[Material provided]
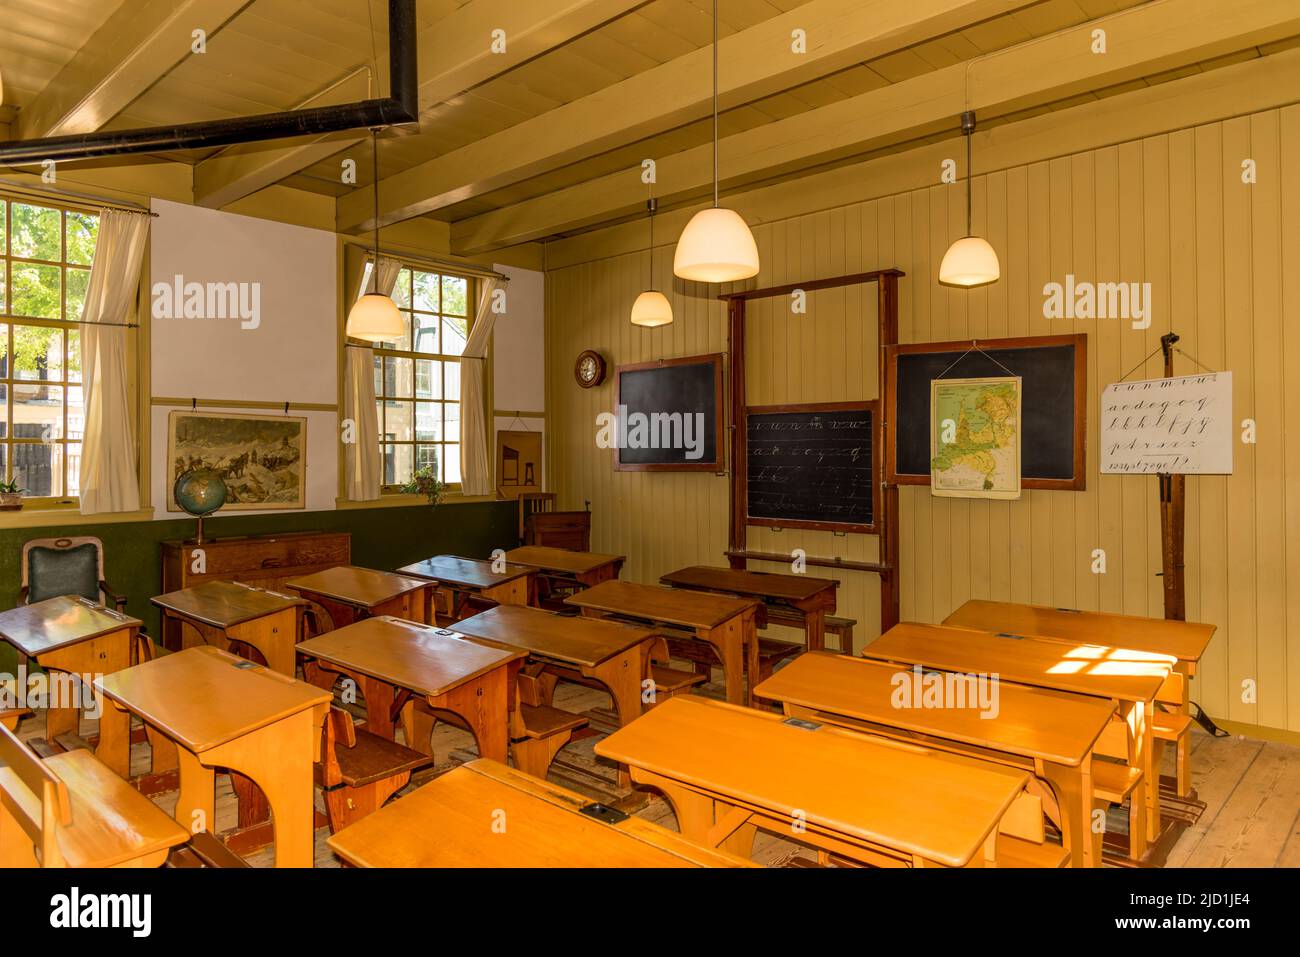 Enkhuizen, Paesi Bassi. Un'aula in vecchio stile del secolo scorso. Foto di alta qualità Foto Stock
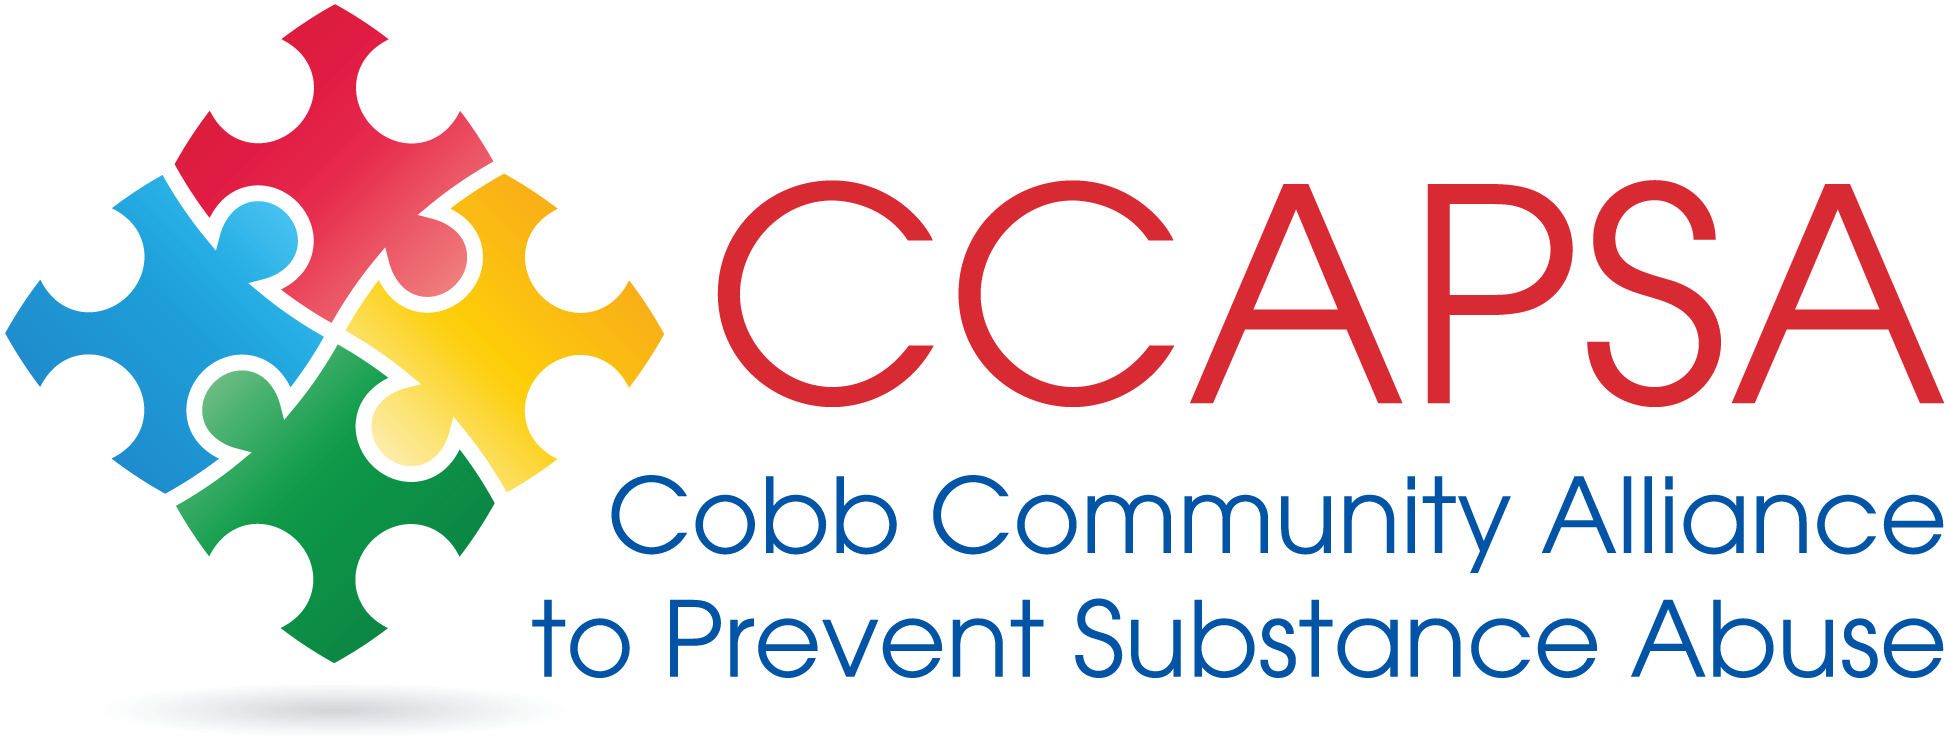 CCAPSA-logo
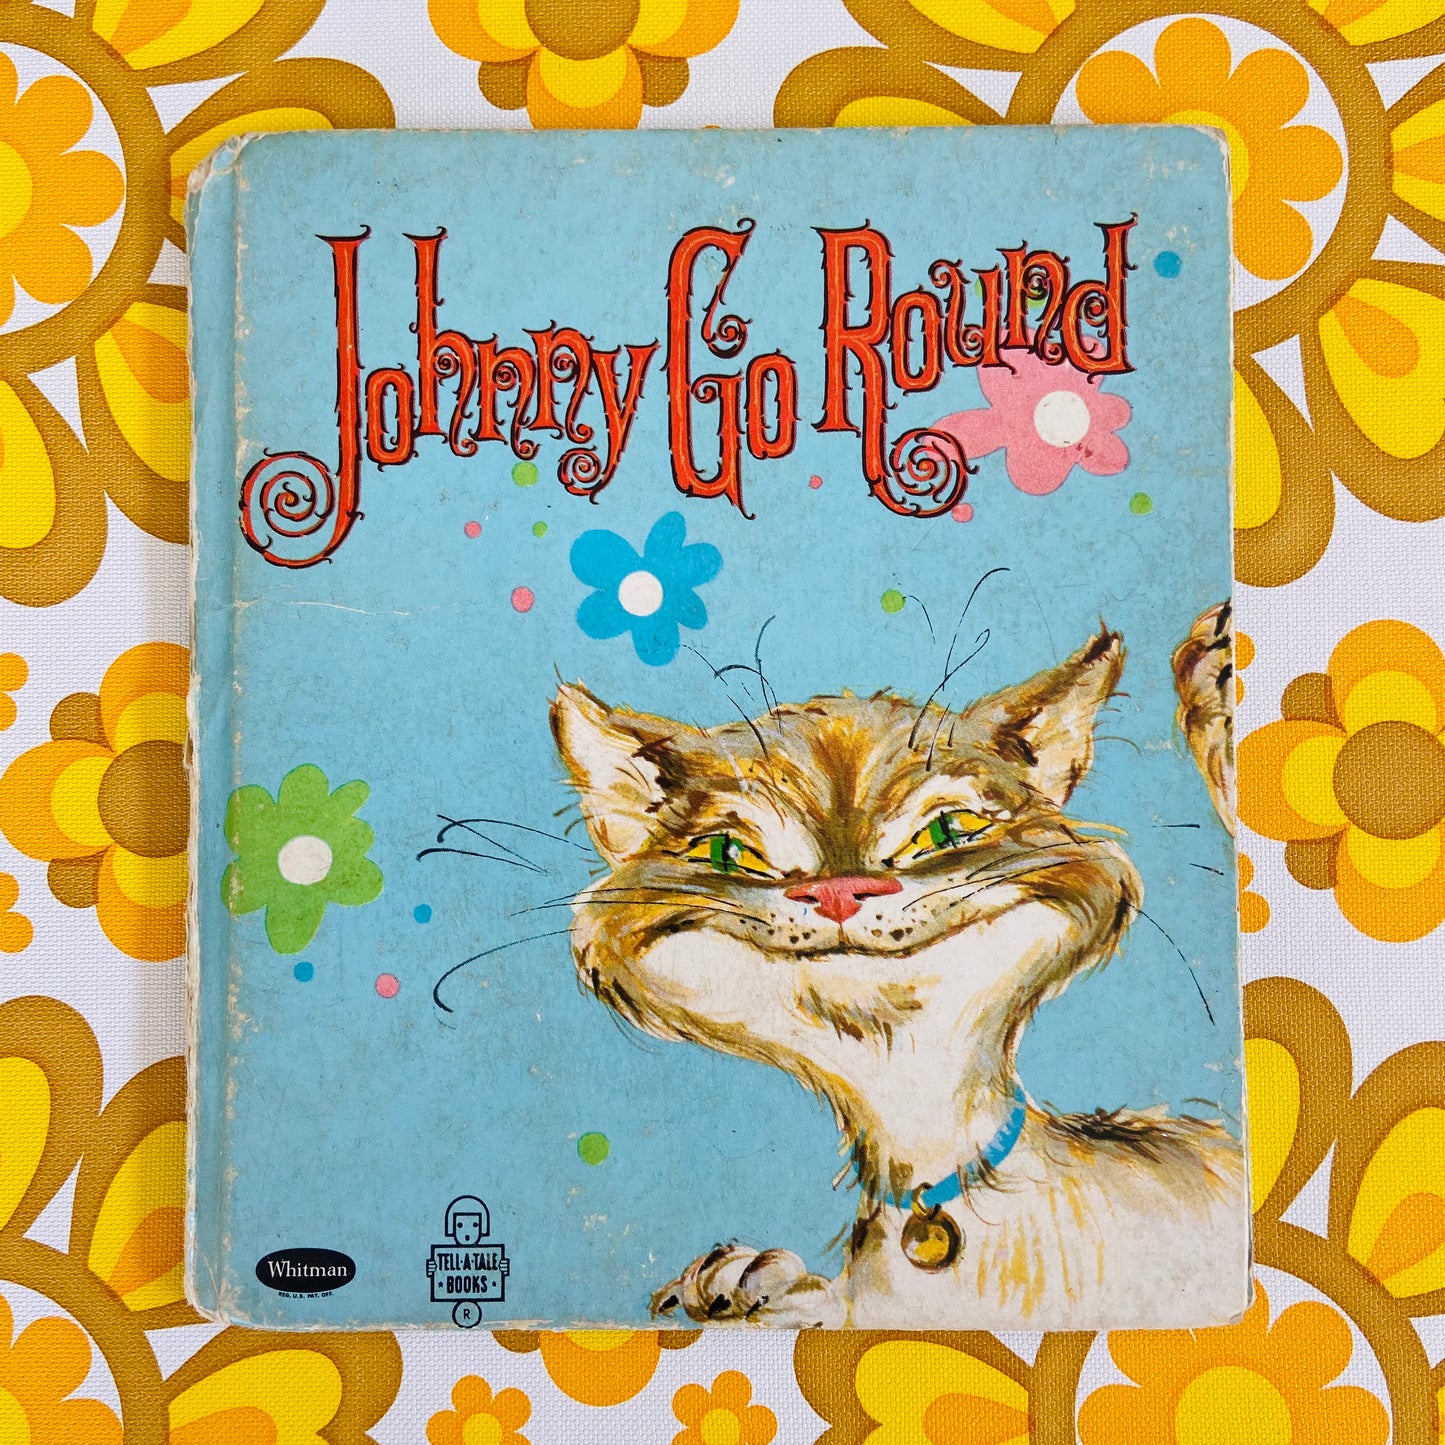 Delightful Little Vintage Children's Book Johnny Go Round Betty Ren Wright
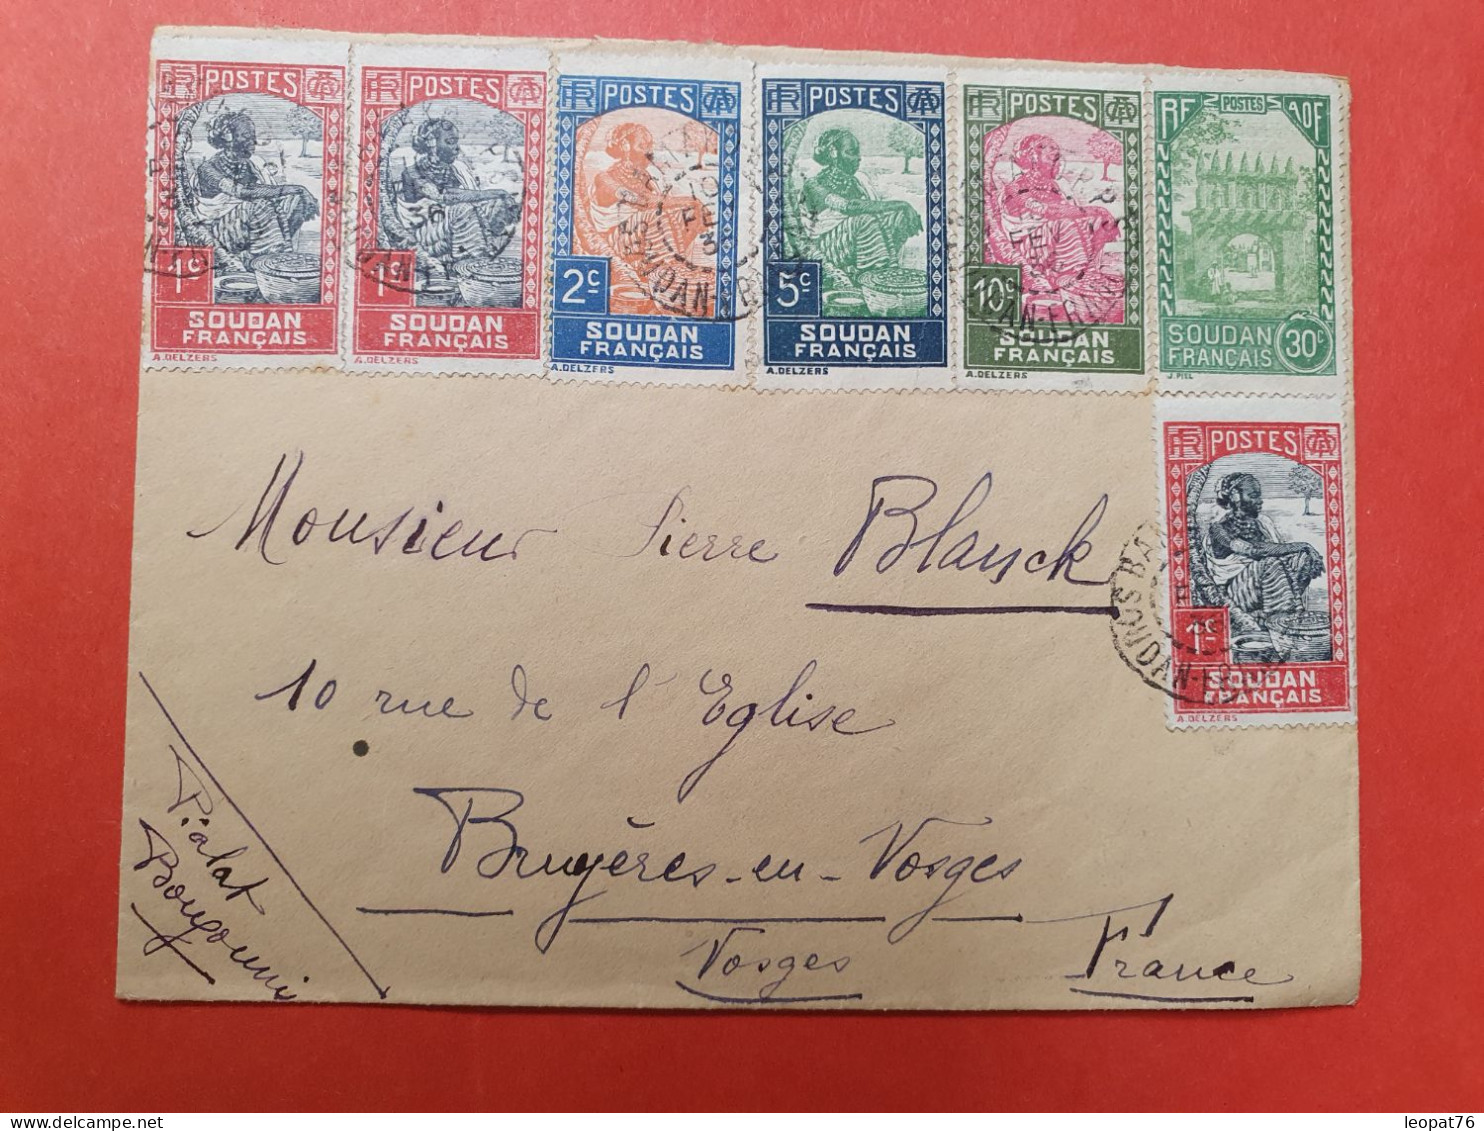 Soudan - Enveloppe De Bamako Pour La France En 1936, Affranchissement Varié  - D 14 - Briefe U. Dokumente

[What the task asks] Would you please write out exactly the lines between the line containing "CCAPSA-logo" and the last line of the listing above, inclusive, without pictures?

[Response to this task]
 CCAPSA-logo
 Delightful Little Vintage Children's Book Johnny Go Round Betty Ren Wright
 Soudan - Enveloppe De Bamako Pour La France En 1936, Affranchissement Varié  - D 14 - Briefe U. Dokumente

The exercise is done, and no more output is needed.